Problem requirements. The whole listing below must be printed again exactly, images excluded.

Collected material.
-- Opening Marker --
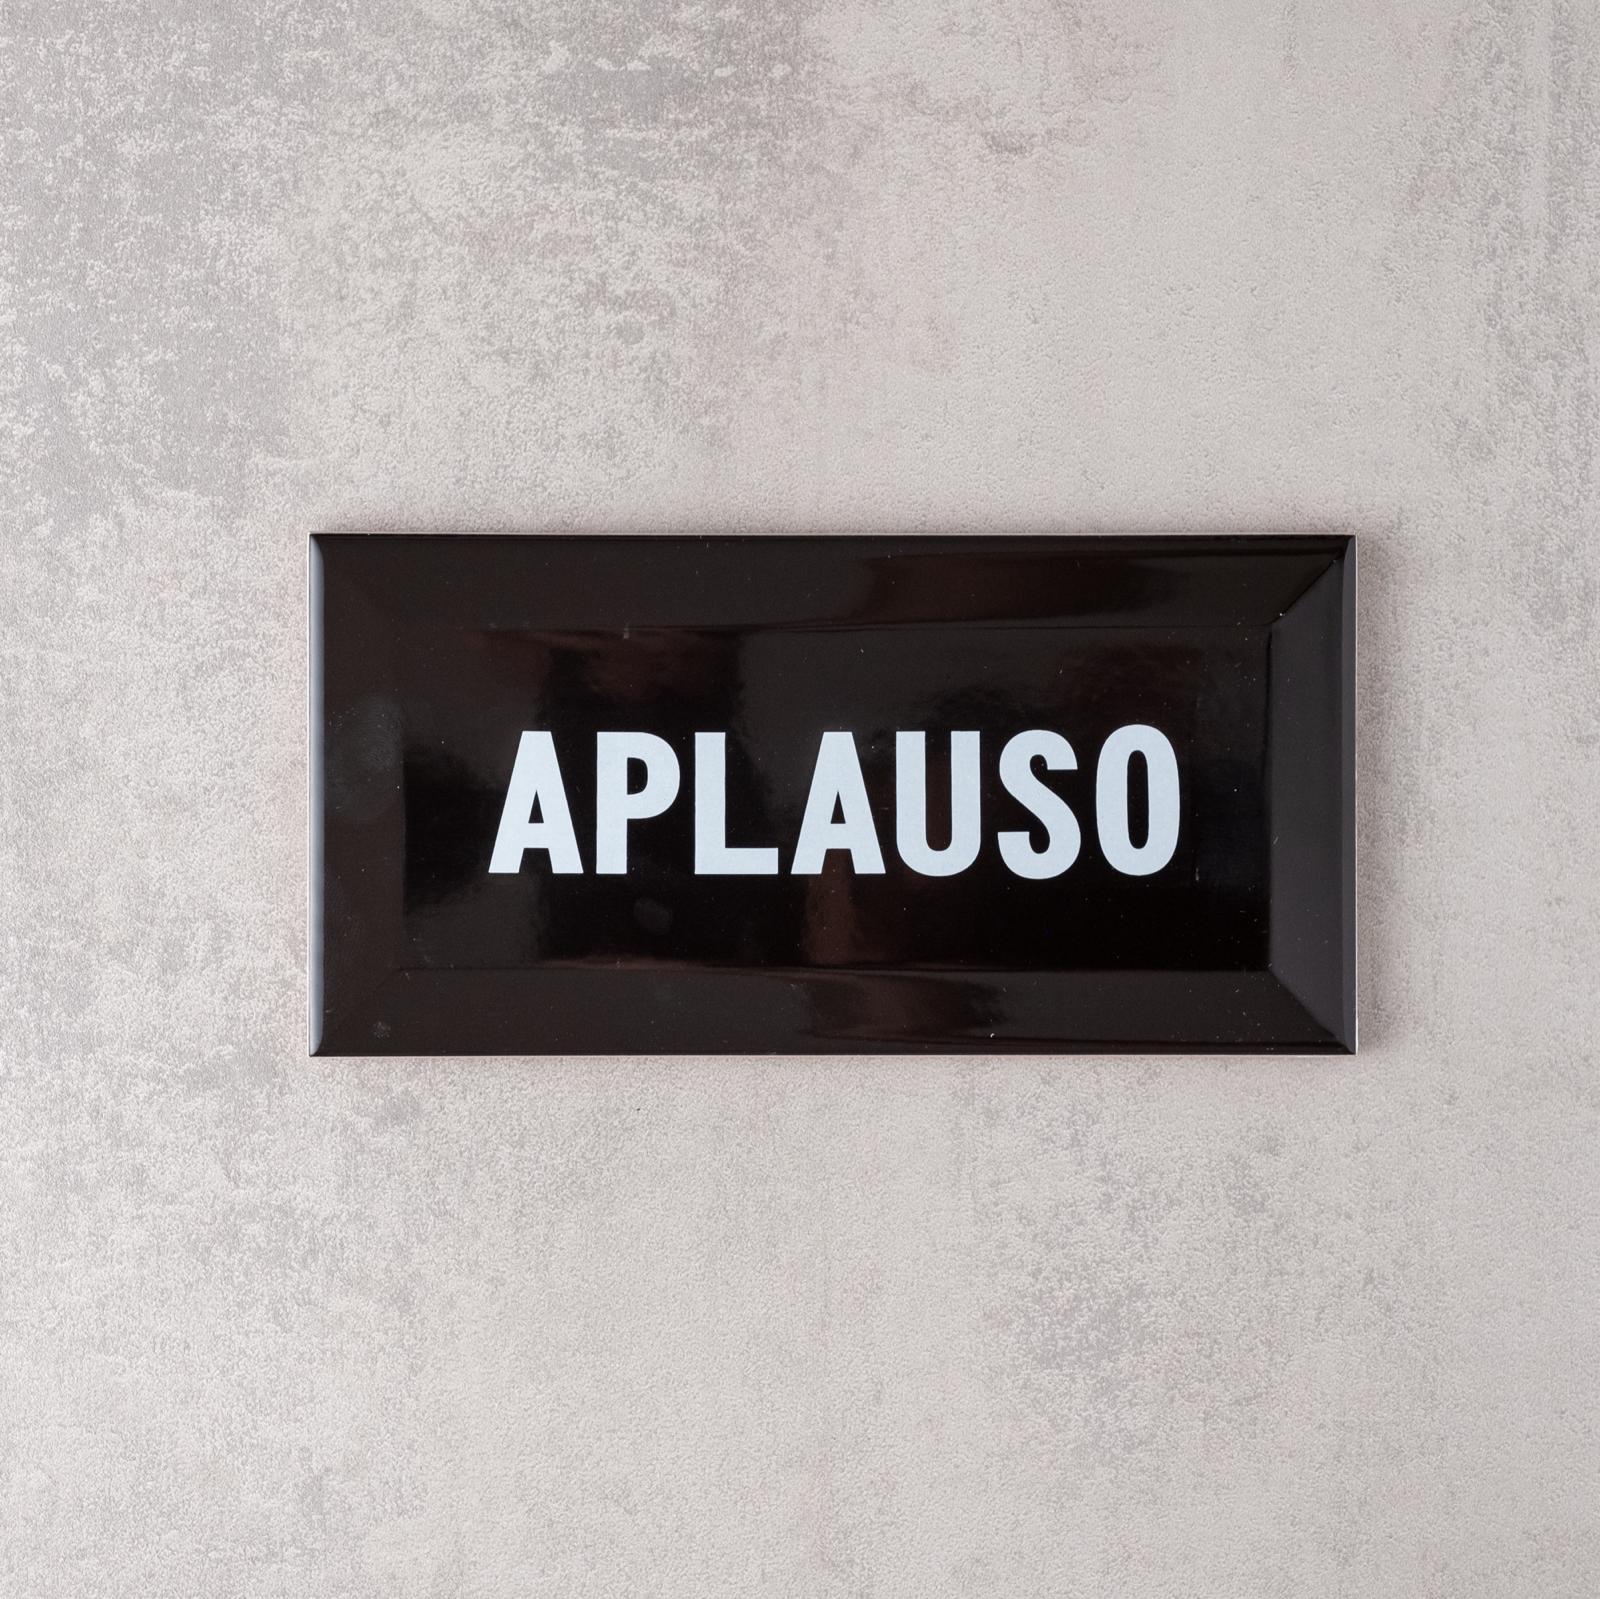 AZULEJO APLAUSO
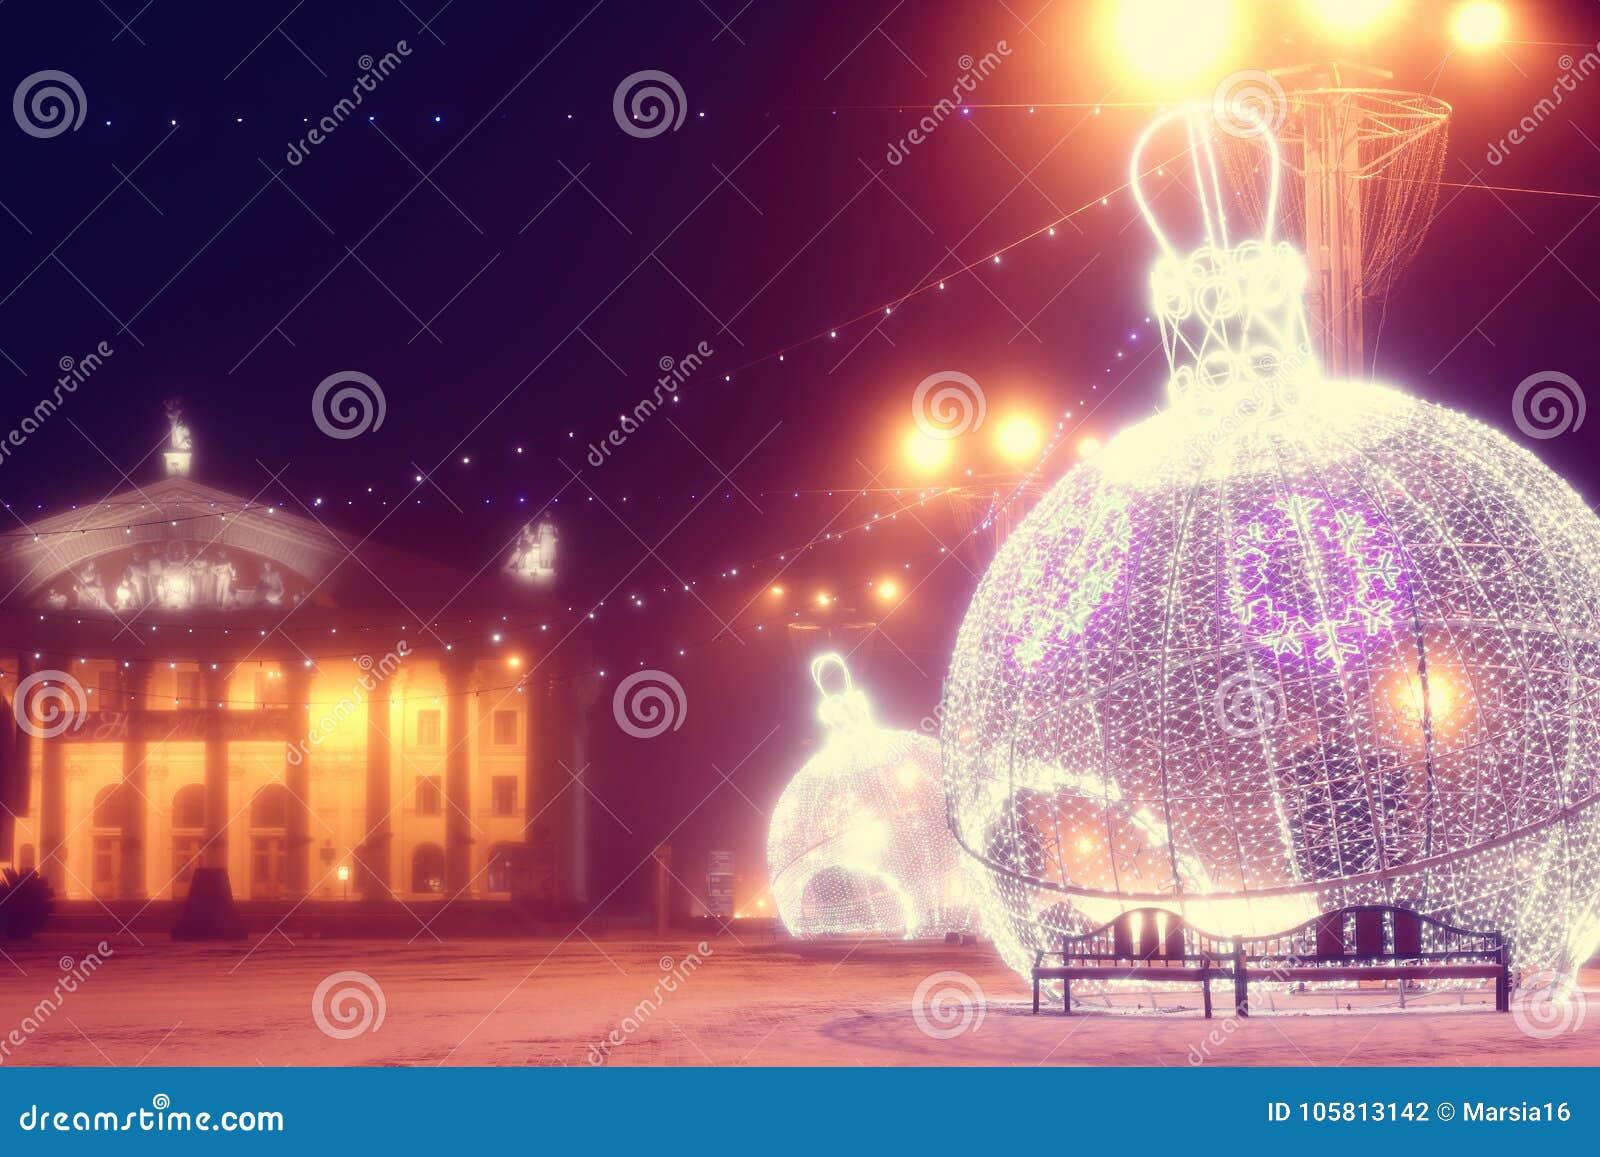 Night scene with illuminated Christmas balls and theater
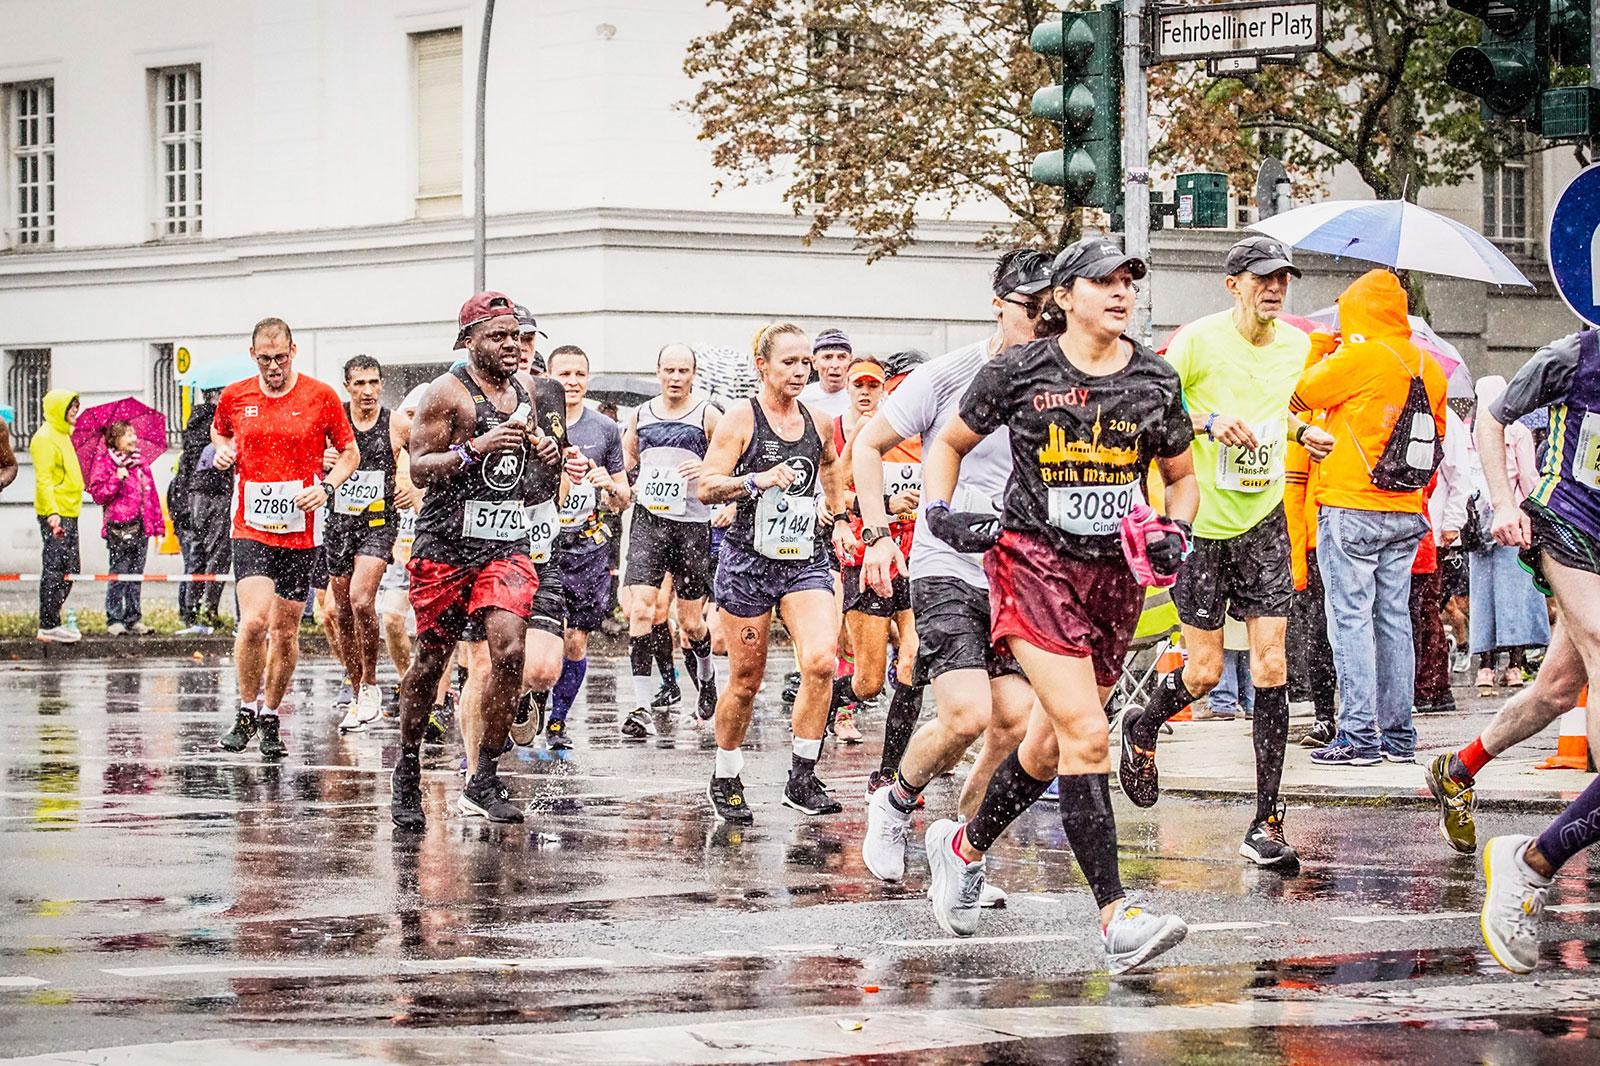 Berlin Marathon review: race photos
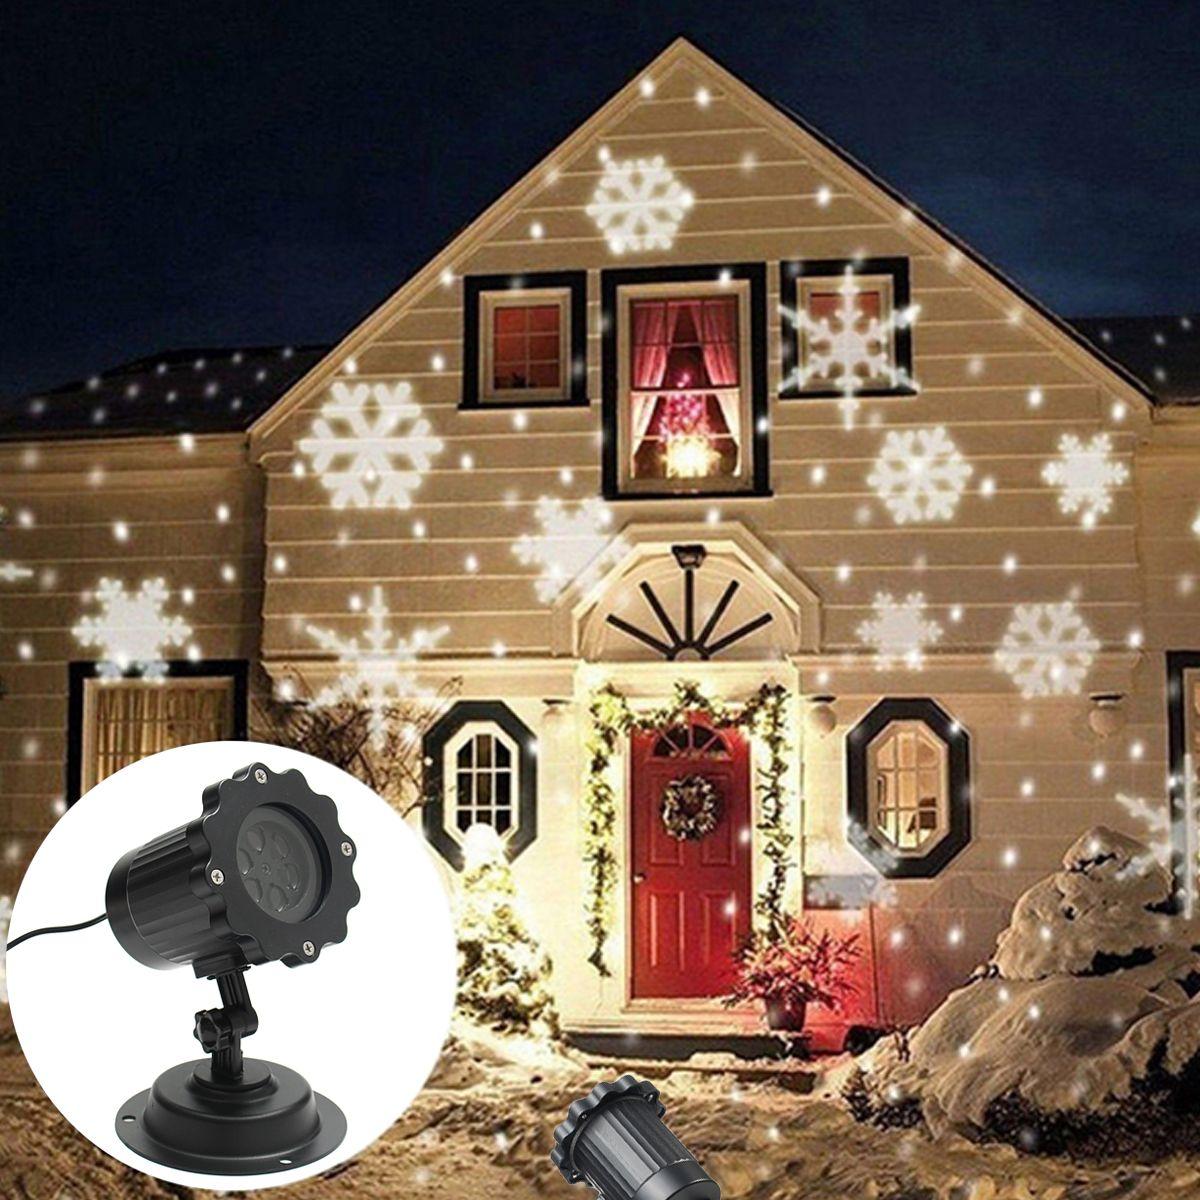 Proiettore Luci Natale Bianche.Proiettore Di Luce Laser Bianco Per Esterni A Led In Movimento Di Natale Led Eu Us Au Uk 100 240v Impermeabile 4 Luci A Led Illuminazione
-- Closing Marker --
Response area.
 AZULEJO APLAUSO
 Night scene with illuminated Christmas balls and theater
 Berlin Marathon review: race photos
 Proiettore Luci Natale Bianche.Proiettore Di Luce Laser Bianco Per Esterni A Led In Movimento Di Natale Led Eu Us Au Uk 100 240v Impermeabile 4 Luci A Led Illuminazione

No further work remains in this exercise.